藍心純背著書包倚靠在瓷磚上,半擡手遮擋了部分刺眼的陽光,甜美的面容出現了本不該在她臉上出現的輕蔑,她的眼底盛滿了不屑,就像是狼剝掉羊皮的偽裝,虛偽的假笑著。

水聲嘩啦啦的從水龍頭流出,池子裏不出幾秒積了半桶水,水面因為拖把的晃動,泛起一陣陣波瀾。

宋清菀看到她虎軀一震,隨後感受到鞋底逐漸浸濕才回過神來關掉的水龍頭;她強裝鎮定,壓下心生的恐懼,繼續若無其事的洗著拖把。

藍心純:“我們談談?”

宋清菀冷笑了一聲:“我們有什麽好談的?”

藍心純:“宋清菀,你別不知好歹。”

宋清菀:“所以呢?你又要找人來打我嗎?”

宋清菀:“反正我的命在你們手裏,捏死我宛如一只沒有任何反抗能力的螞蟻不是嗎?”

藍心純好一會沒說話,她第一次看宋清菀這麽跟她說話,覺得新鮮。

往日她在她面前從來都是一副畏畏縮縮的樣子,要不然就是裝作沒看見繞道走,幾個月?不見,膽子大了不少,敢跟她叫板了。

“宋清菀,我喜歡沈千嶂。”

宋清菀怔楞了一瞬,不明的笑道:“你找錯人了,我不是沈千嶂。”

“你這樣的人,也會有得不到的東西嗎?”

“你配喜歡沈千嶂嗎?你這樣的人,下十八層地獄都不足以讓我洩憤。”

藍心純聽著她的話,面色逐漸開始扭曲,她咬著牙憤恨的長笑了一聲,聲音在公共水池裏來回碰壁發出回音,她扯著宋清菀頭發,右手狠狠的搭在她的後脖頸處,眼底透著紅血絲,憤恨失笑道:“你該不會以為沈千嶂和你交好是把你當朋友吧?”

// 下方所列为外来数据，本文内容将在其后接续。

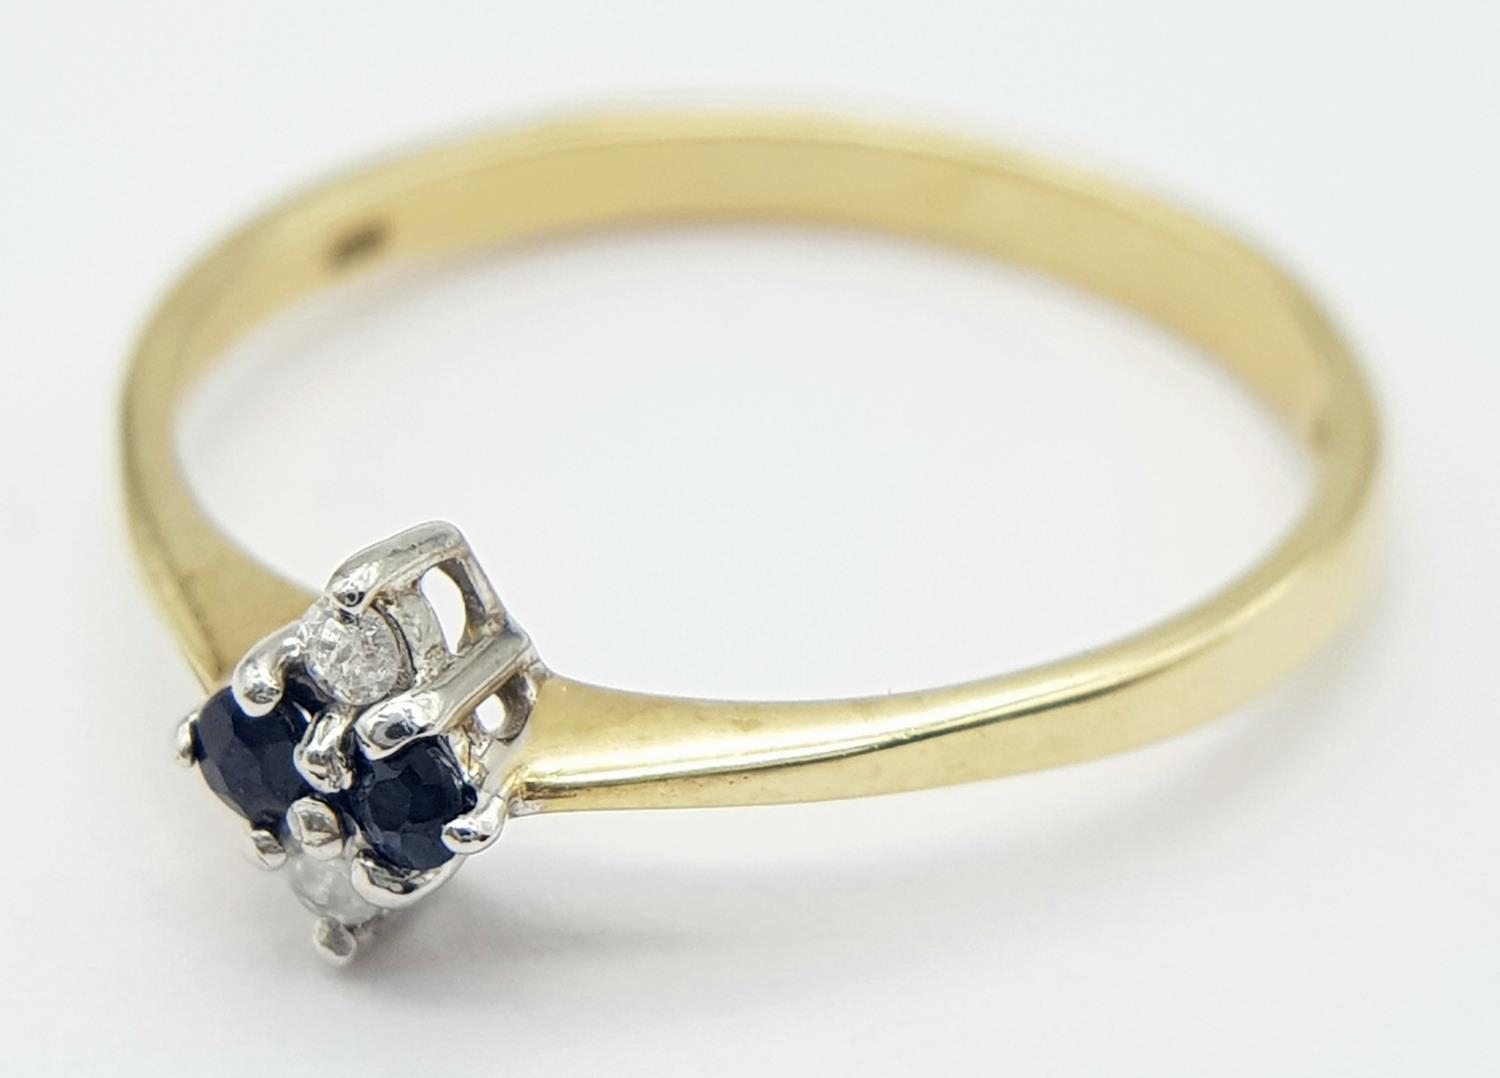 A 9K YELLOW GOLD DIAMOND & SAPPHIRE RING 1.4G SIZE O 1/2. ref: SPAS 9018 - Image 3 of 5

“除夕招商會,我們在陽臺上聊天,你知道他怎麽跟我說的嗎?他說看你可憐,無父無母孤兒院出身的孩子,他沒接觸過圖個新鮮而已,我們那天晚上還加了微信,不信你去問他,看看我說的是不是真的。”

“我和他家世相當,我們父母更是生意場上不可缺少的夥伴,他還借了我在拍賣會上被他一舉拿下的紅寶石供我玩賞,你覺得你算什麽?”

宋清菀瞳孔緊縮,她的臉和藍心純靠的極近,差之毫厘之間碰上額頭,她的話一點點將她掩埋,頭皮上已經感受不到任何被扯的感知了,腦中循環回蕩著“可憐你”三個字,胸口又開始大幅度憋悶,喘不過氣來。

藍心純看她這種反應心裏十分滿意,她手指漸漸從她柔順的發間松開,居高臨下的將視線一點點向下移,嘴邊帶著得逞的壞笑。

宋清菀沒了支撐力向後仰去,她的胸口仿佛獨堵了一塊很大的石頭,壓得她呼吸不過來,那種深深的無力感快速席卷她身體的每一處,身體從白色瓷磚上緩緩下移,直至癱坐在地上。

她坐在地上像只瀕臨死亡的魚,貪戀的呼吸著新鮮空氣,迫使自己仰頭去藍心純,捂著心口將她得意的樣子收進眼底。

“宋清菀,你拖把洗這麽久還沒洗好嗎?”

在教室擦黑板的女生朝公共水池喊了一嗓子,卻始終沒聽到回音。

荷潤掃完地將掃把擺放整齊,他剛想從後門出去,就見宋清菀拿著拖把回來了。

他看見宋清菀額頭上豆大的汗珠往下流淌,擡眼瞧了瞧外面的天空,默默的從口袋裏拿出一張紙巾遞至她眼前:“沒事吧,看你流了好多汗。”

宋清菀接過紙巾,隨手擦了擦後又放回學校口袋裏,手微微顫著,一絲不茍的地板到發亮,然後書包就走了,一句話沒說。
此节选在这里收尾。